Fig. 3 presents the surface morphology of the un-doped and Sn-doped Te NW films. The SEM image in Fig. 3a demonstrated that the pure Te NWs showed a relative uniform 1D structure as previously reported in literature.⁴¹ The surface structure showed no change except for a slight diameter increase after the small addition of Sn in Te for Sn_0.125Te NWs, as shown in Fig. 3b. In Fig. 3c, nanoparticles were observed on the surface of Te/Sn NWs when the molar radio of Sn/Te increased to 0.25. The mechanism for forming a Te-based nanostructure was generally attributed to its anisotropic structure.^42,43 The intrinsic Te crystal consists of layers stacked along the c-axis with week van der Waals bonds that dominate the shape of primary Te nanoparticles. The homogeneous surface is due to the stabilizing agent, temperature, reductive power of reducing agents, etc. The observed nanoparticles were attributed to the excess Sn or Te/Sn nanoparticles.⁴⁴ In Fig. 3d, an increase in the Sn/Te molar radio to 0.50 resulted in the presence of larger nanoparticles, indicating the significant influence of Sn content on the morphology of Te/Sn NWs.

Fig. 3 SEM images of (a) Te NWs, (b) Sn_0.125Te, (c) Sn_0.25Te, and (d) Sn_0.50Te NWs.

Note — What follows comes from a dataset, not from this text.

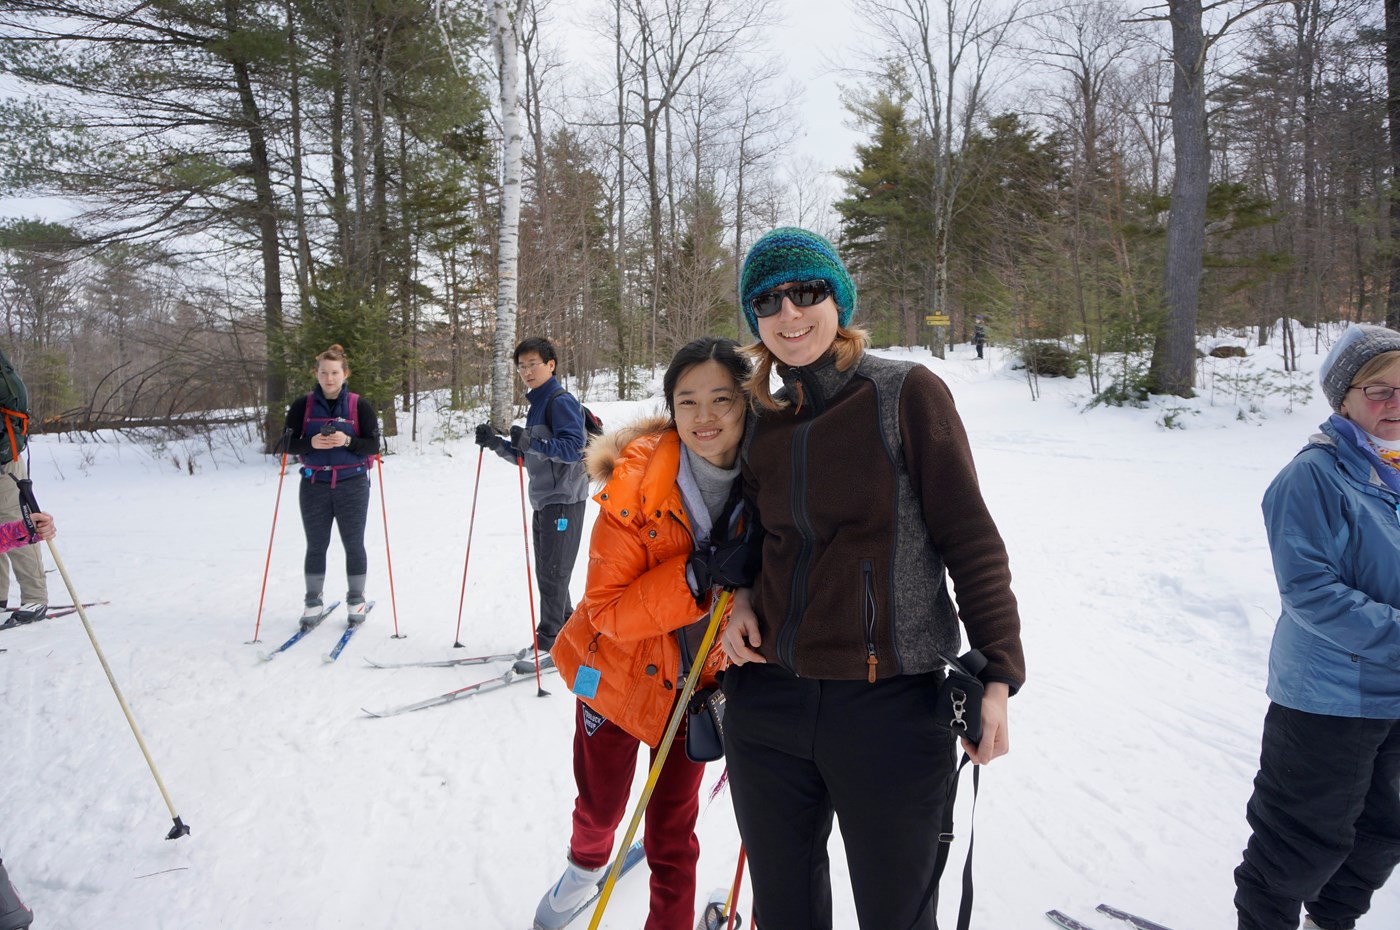 Students pose for picture smiling while cross country skiing.

TEM images were obtained to further reveal the morphological structure of SnTe NWs, as shown in Fig. 4. The TEM image of pure Te displayed a 1D homogeneous NW structure with small diameter of 15–20 nm in Fig. 4a. The lattice spacing in the HR-TEM image was measured at 0.59 nm in the inset of Fig. 4a, corresponding to the c-axis diffraction pattern of the trigonal Te phase structure. The TEM image of the Sn_0.125Te NWs in Fig. 4b presented a similar morphology to Te NWs with an increased average diameter of 58 ± 7.5 nm. The lattice spacing for SnTe was not visually apparent in the corresponding HR-TEM image owing to the low molar amount of Sn in the as-synthesized samples, further indicating the dominated Te phase in SnTe with low Sn content.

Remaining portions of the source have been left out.